Castro ressalta que, se a medida de “venda da dívida” for adotada, perderá sentido manter um órgão que, mesmo com estrutura capenga e sem condições adequadas de produzir, existe e custa ao poder público. Segundo ele, o que o governo federal pretende fazer é chamar a PGFN de ineficiente e transferir a solução para alguém realizar a atividade. “É uma manobra maquiavélica, de legalidade duvidosa”. De acordo com o especialista, não pode se chamar de ineficiente um trabalho que não possui meios para ser realizado.

Ao todo, a Dívida Ativa da União é de R$ 1,5 trilhão em 2015. O valor representa o que os cofres públicos têm a receber, ou seja, o não pagamento de débitos tributários e não tributários dentro dos prazos estabelecidos pela lei.

A lista

A lista dos maiores devedores não é divulgada rotineiramente pelo Ministério da Fazenda.

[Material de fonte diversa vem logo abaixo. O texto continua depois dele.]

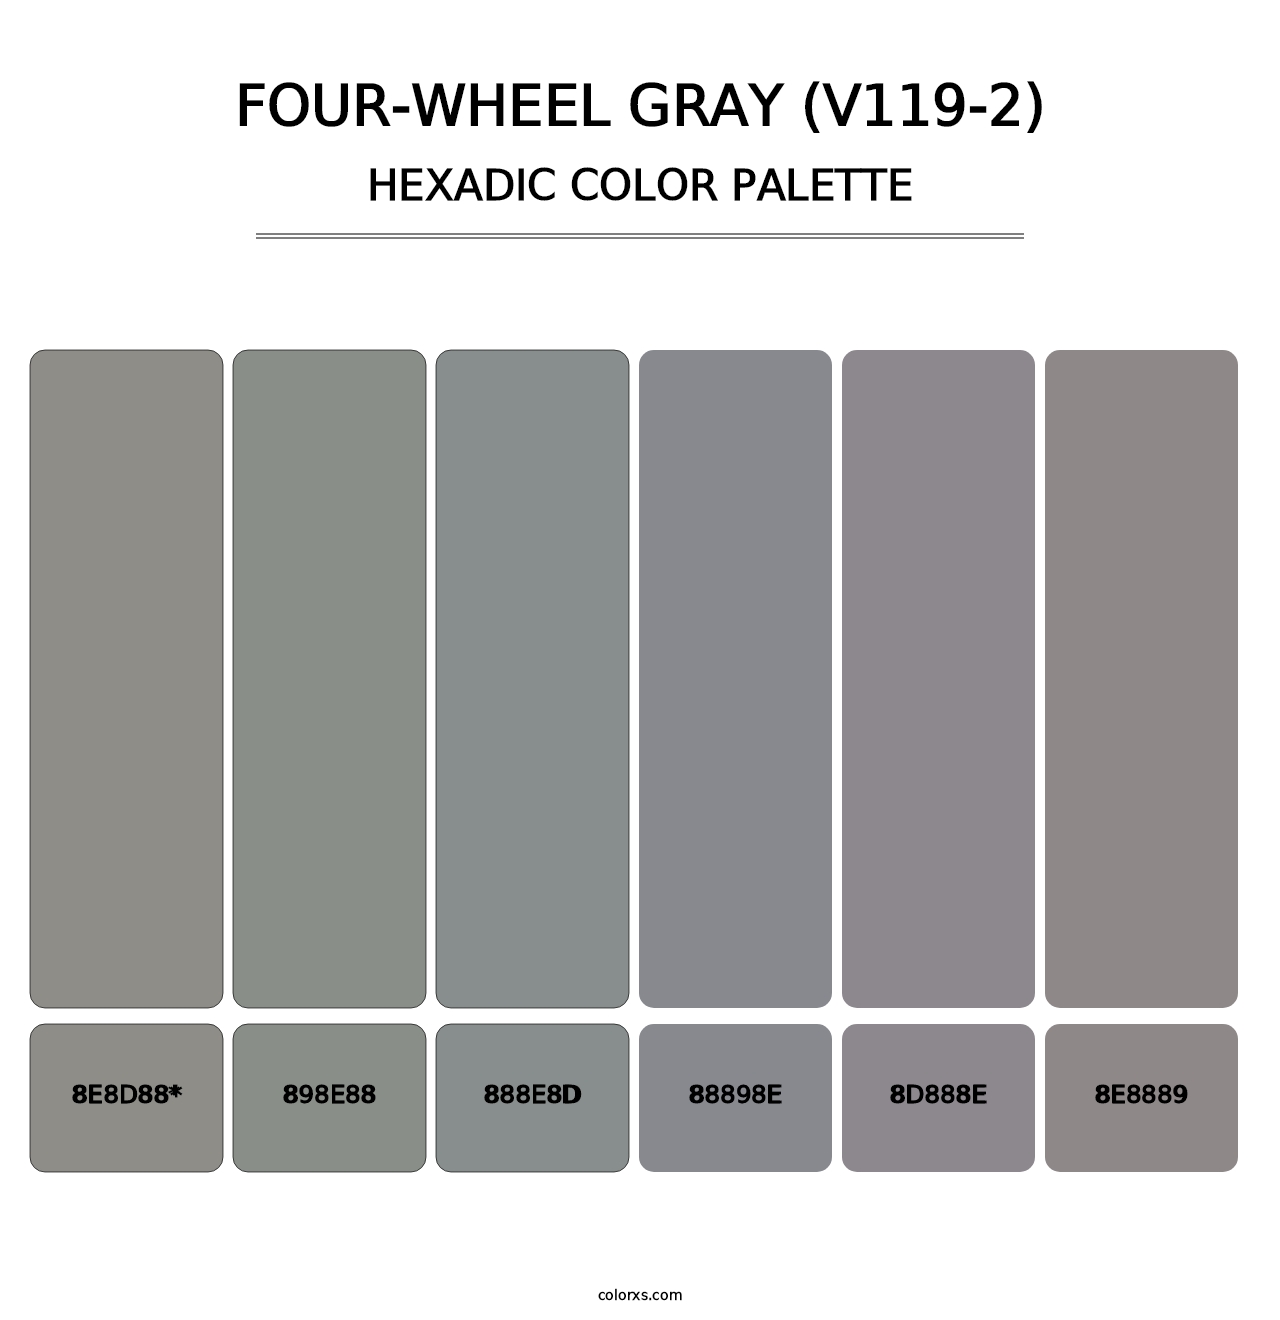 Four-Wheel Gray (V119-2) - Hexadic Color Palette

De acordo com a pasta, a Procuradoria-Geral da Fazenda Nacional já informava em seu site dados sobre os inscritos na Dívida Ativa, mas a lista apresentada permite uma visão consolidada dos maiores devedores.

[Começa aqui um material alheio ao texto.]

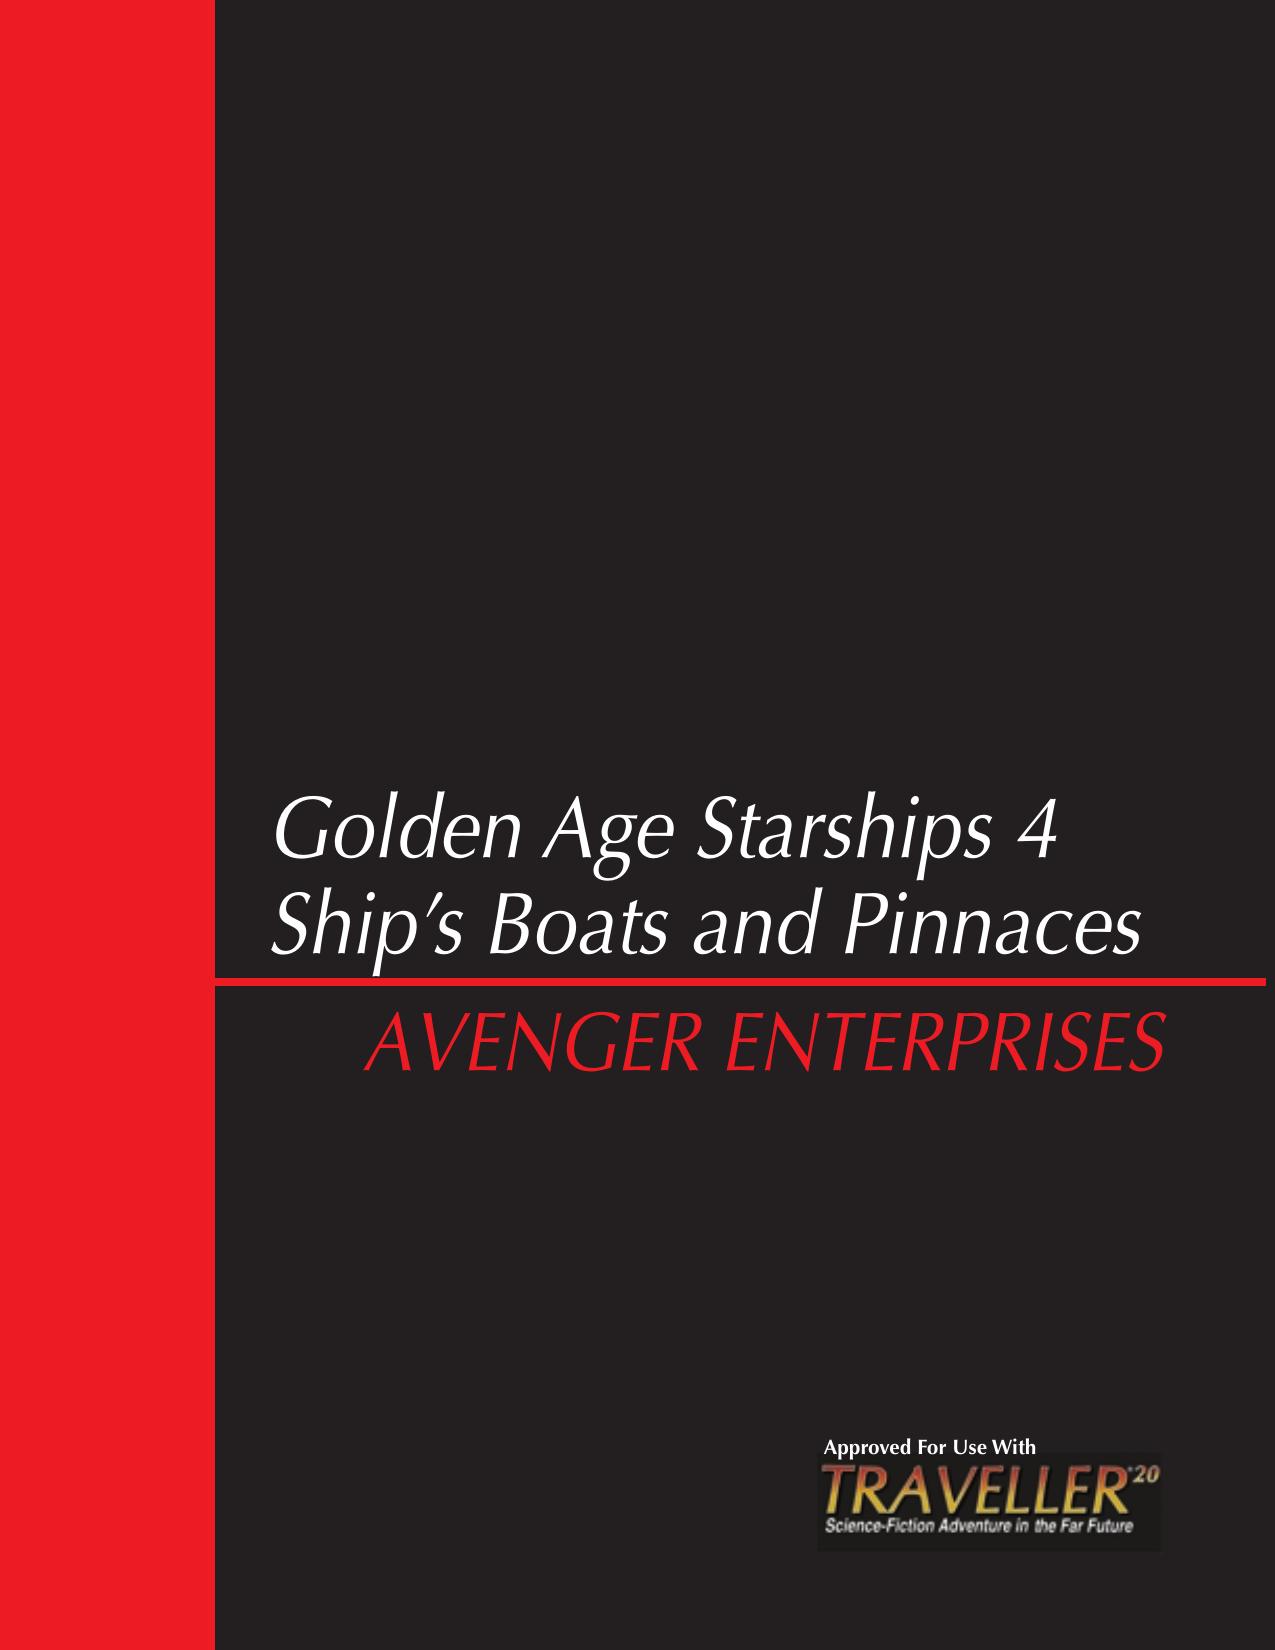 Ship's Boats & Pinnaces

“É projeto dessa gestão promover um incremento da arrecadação de créditos inscritos em Dívida Ativa da União, na busca pela justiça fiscal”, informou o ministério, por meio de nota. O entendimento é que a legislação proíbe a divulgação dos devedores somente até o momento da inscrição em dívida ativa.

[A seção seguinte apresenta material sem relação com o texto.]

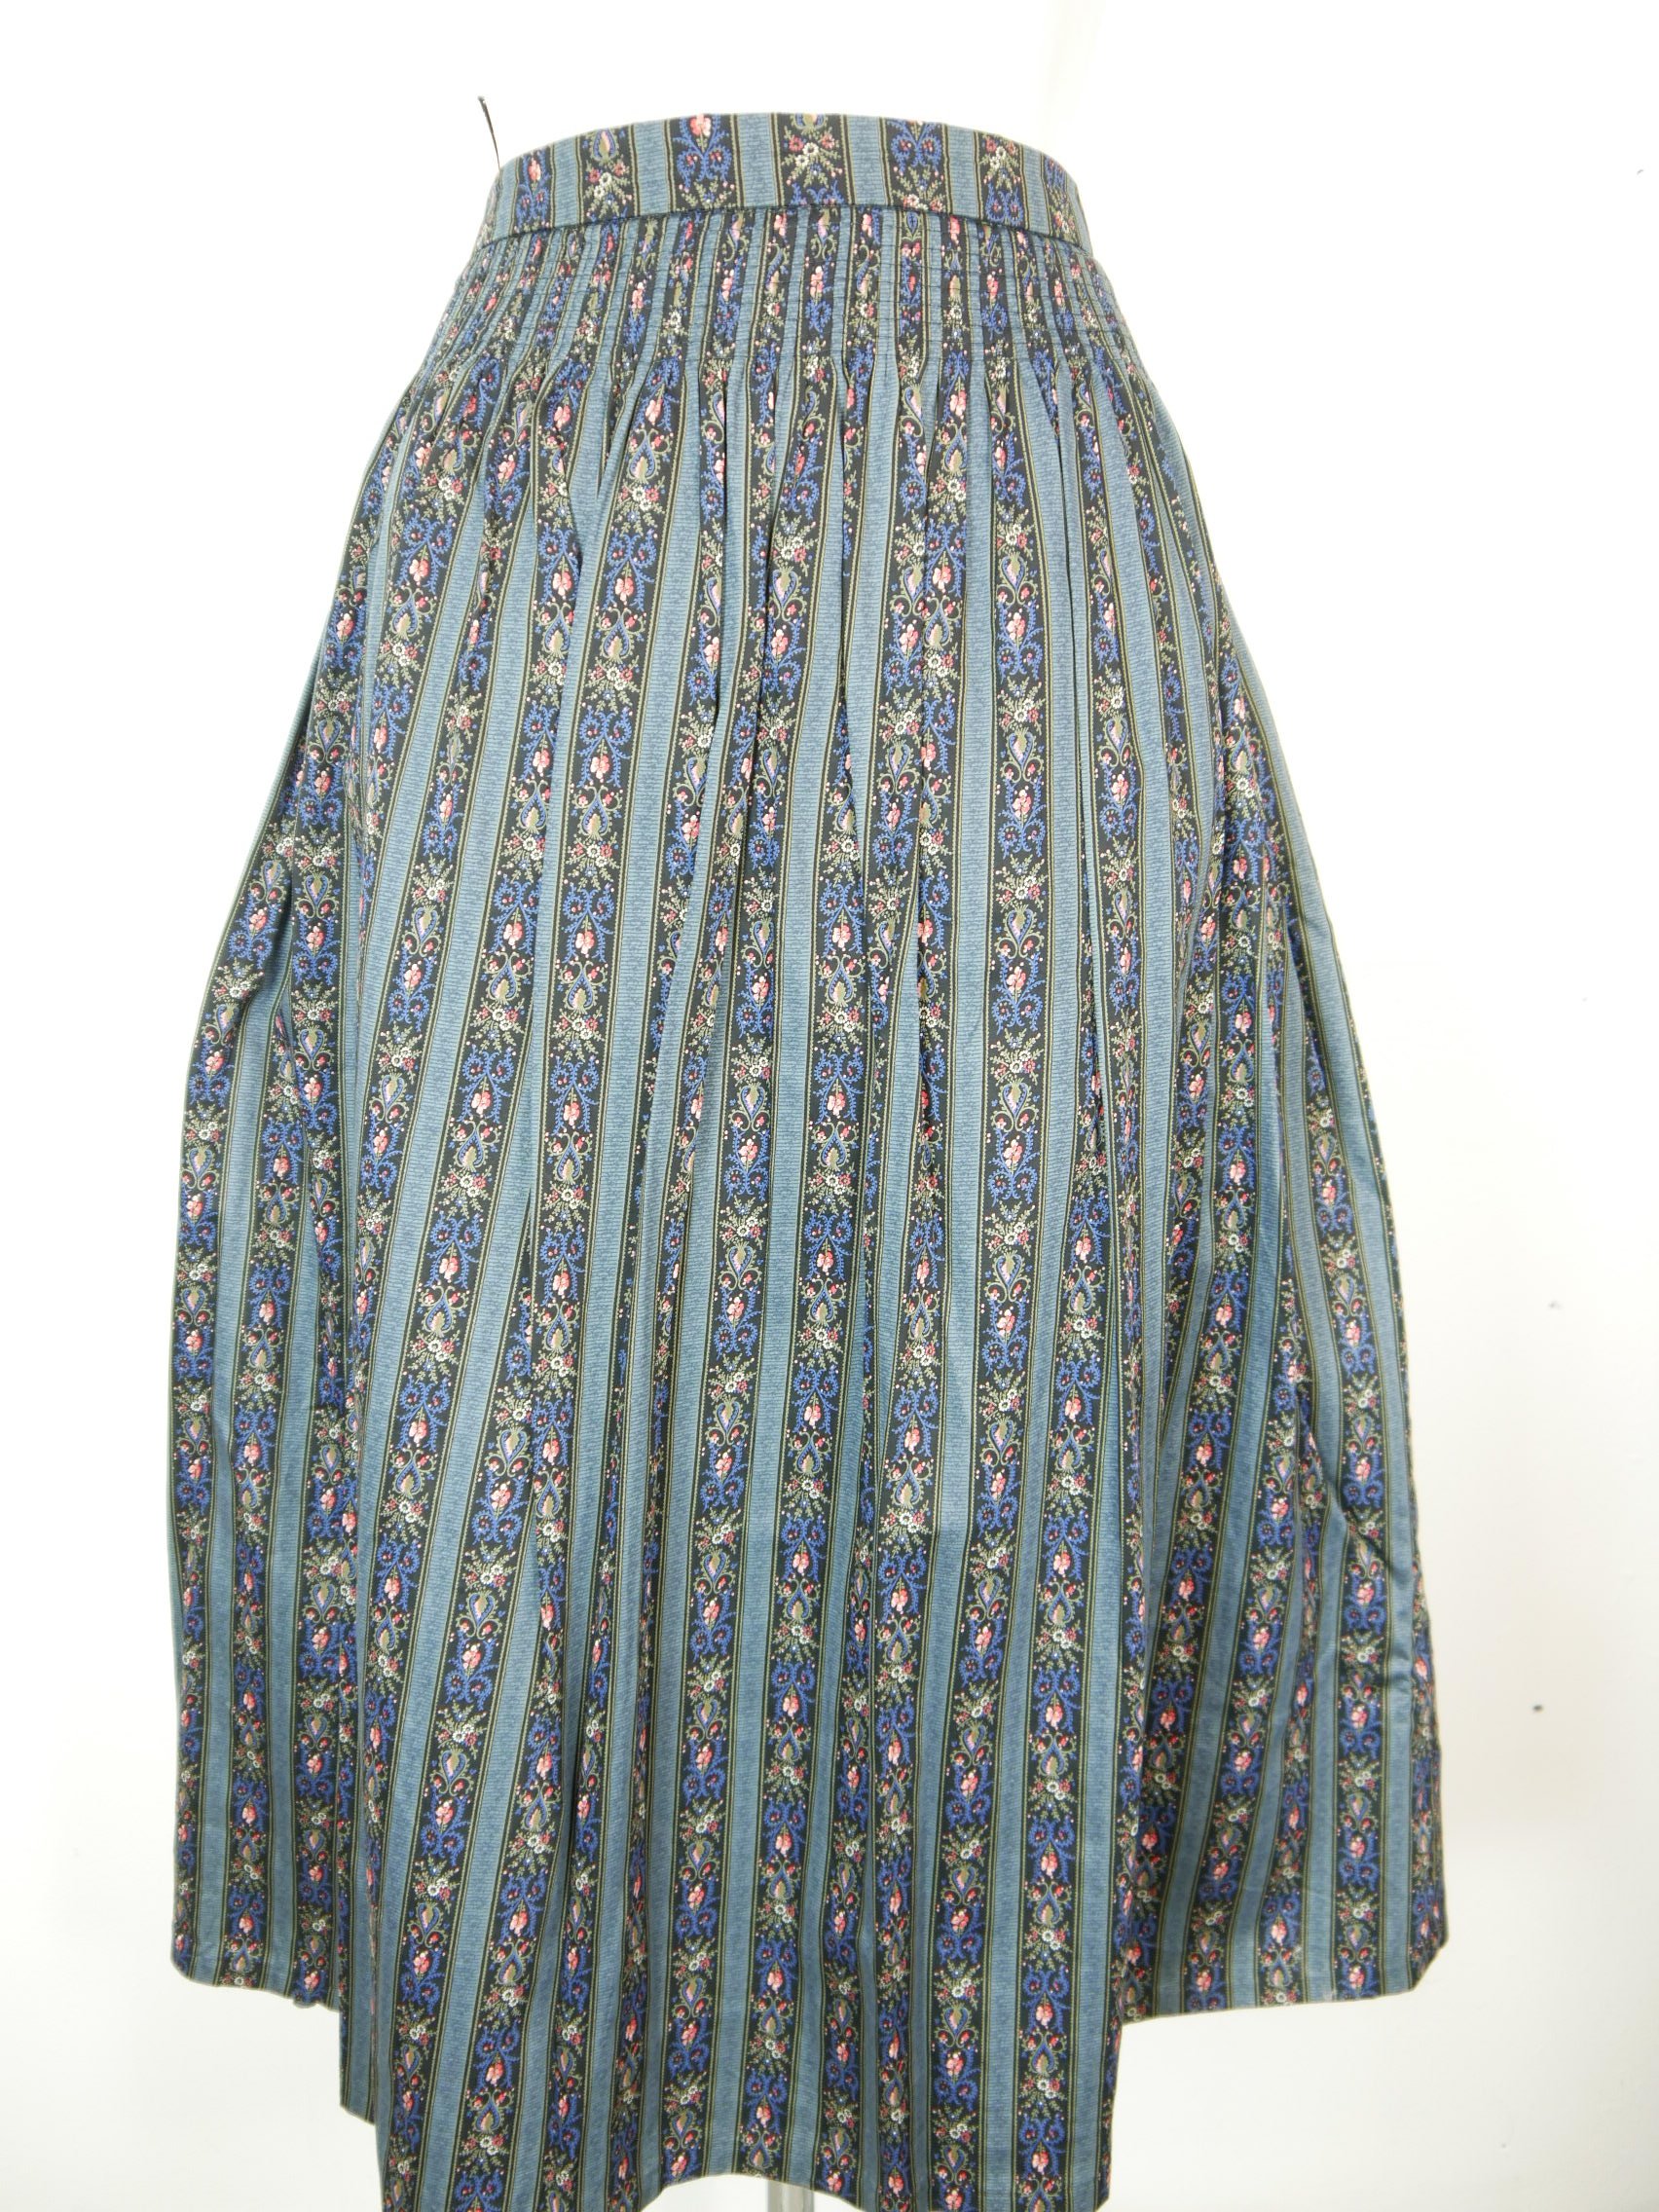 Original Alps multicolored flower tendrils smart women's traditional skirt

A lista de devedores inclui pessoas físicas e jurídicas que têm débitos com a Fazenda Nacional inscritos no cadastro da Dívida Ativa da União, que é composta por todos os créditos tributários ou não tributários depois de esgotado o prazo fixado para pagamento. Segundo o Ministério da Fazenda, todas essas dívidas estão sendo cobradas na Justiça e correspondem a diversos tipos de tributos.

Mil débitos com maior chance de recuperação

Na semana passada, a Procuradoria Geral da Fazenda Nacional encaminhou ao Conselho Nacional de Justiça lista das mil ações de execução fiscal com maior chance de sucesso, entre aquelas movidas contra grandes devedores. Priorizados pela PGFN, esses processos cobram cerca de R$ 25 bilhões, soma dos mil maiores valores com maior probabilidade de recuperação.

“A possibilidade de sucesso da cobrança judicial é grande nesses casos pelo fato de os processos já apresentarem garantia, fiança ou penhora. A lista foi extraída da base de grandes devedores da dívida ativa após extenso trabalho de segmentação e classificação da carteira de créditos a receber pela União”, explica texto no site do Ministério da Fazenda.

A iniciativa da Fazenda Nacional é parte de um trabalho conjunto entre os Poderes Executivo e Judiciário para acelerar processos com alta probabilidade de sucesso. Na última quarta-feira (02), o ministro da Fazenda, Joaquim Levy, o presidente do Supremo Tribunal Federal e do Conselho Nacional de Justiça, ministro Ricardo Lewandowski, e o Procurador-Geral da Fazenda Nacional, Paulo Riscado, discutiram medidas para otimizar a execução fiscal.

Recentemente, o Ministério da Fazenda publicou portaria que criou grupo de trabalho, com representantes da comunidade jurídica e dos poderes Judiciário e Executivo, para elaborar proposta de reforma da Lei de Execuções Fiscais. A PGFN já começou a dar prioridade aos processos de execução fiscal de devedores com maior capacidade de pagamento, mediante a criação de “rating de recuperabilidade de débitos”. O objetivo é promover medidas de cobrança que sejam aderentes à capacidade econômica do contribuinte e também promover o arquivamento de processos judiciais que possuam remota possibilidade de êxito.

As mudanças de legislação em estudo visam a dar prioridade ao ajuizamento de débitos daqueles devedores donos imóveis, veículos e precatórios que possam ser executados. A seleção será feita por meio de diligência eletrônica que reúna informações da declaração de operações imobiliárias, registro nacional de veículos e do sistema de gestão de precatórios.

A racionalização da atividade de cobrança do crédito público, com foco nos devedores com maior perspectiva de recuperação, diminuirá a sobrecarga das varas de execuções fiscais. Segundo levantamento realizado pela PGFN, cerca de 70% do valor total do estoque da Dívida Ativa da União se concentra nas mãos de apenas 0,93% da quantidade de devedores. Tal fato demonstra, por si só, a necessidade de racionalização da atividade de cobrança do crédito público, com foco nos grandes devedores, possibilitando o incremento da arrecadação fiscal.